Tom Paine’s “Will You Say Something, Monsieur Eliot?”

This story can be found in the collection Scar Vegas and Other Stories. It moves fast – Eliot's molars shatter in the fourth sentence. A nautical tale by an author who was briefly a Marine, it reads rather like a story by Robert Stone.

And it's a story that makes you feel guilty about Haiti, which is why I bring it up today. Haitian earthquake news here.

“The world loves me,” Eliot believes. He's an American, he is America, living life to the full, and it takes a shipwreck for him to find himself in a situation at all resembling normal life for the poor of Haiti.

He's rescued by Haitian refugees, who are themselves lost at sea. Their spokesman Alphonse says, “Because you are American, we are saved,” but it doesn't turn out that way.

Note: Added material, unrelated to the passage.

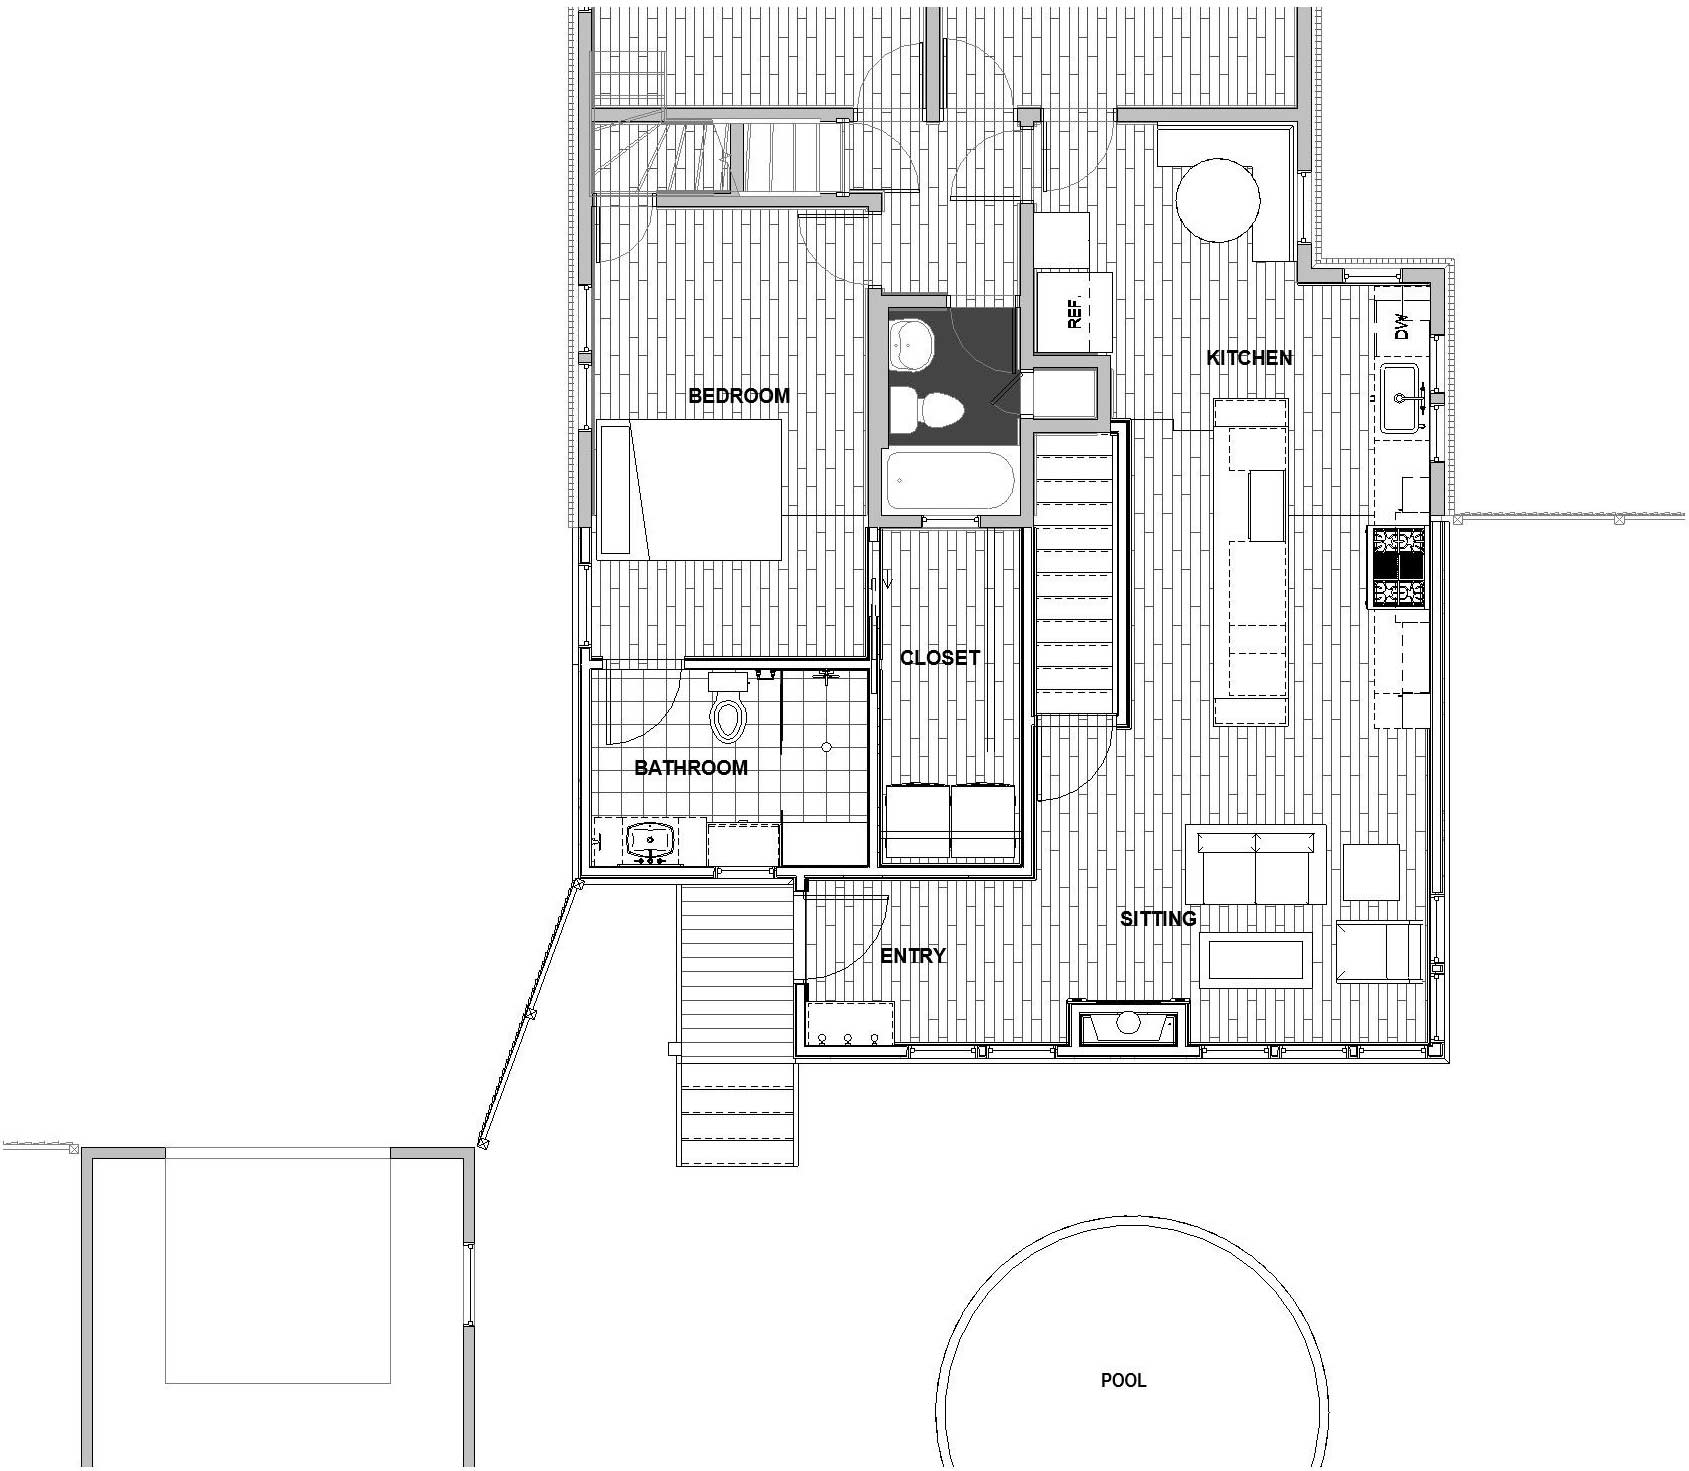 redesign floor plan of 1920s Des Moines Craftsman house being remodeled by Silent Rivers with addition, mudroom, laundry room, new master suite and kitchen

"Will You Say Something, Monsieur Eliot?" really blew me away when I first read it in the “New Yorker” back in 1994. It's a story that makes you think about the difference between what a disaster means in one country as opposed to another. “Some countries are just not lucky,” as Joel Dreyfuss notes.

Interviewed by Robert Birnbaum a few years back, Tom Paine had some interesting comments about what it's like being a writer nowadays.

5 thoughts on “Tom Paine’s “Will You Say Something, Monsieur Eliot?””

  1. Hello… I am looking for an old "friend" who used to be in the Army stationed at Ft. Drum, NY named James Warner. Are you possibly him? Thanks in advance… I know this is not the place to ask, but I had no other way to contact you to ask. 🙂

  2. Why does Eliot not try to rescue Alphonse and the others at the end of the story? Is the implication that now he's attached to the "plastic nipple" of the U.S. he is infantile and does not think of helping anyone else?

    Text "HAITI" to "90999" and a donation of $10 will be given automatically to the Red Cross to help with relief efforts, charged to your cell phone bill. http://www.state.gov/p/wha/ci/ha/index.htm

  3. How is Eliot supposed to help? At the end of the day he has not the courage "to say something", nothing that could help the Haitian refugees. This text is not telling a story about a character who sees, experiences iniquitousness and re-thinks his mind.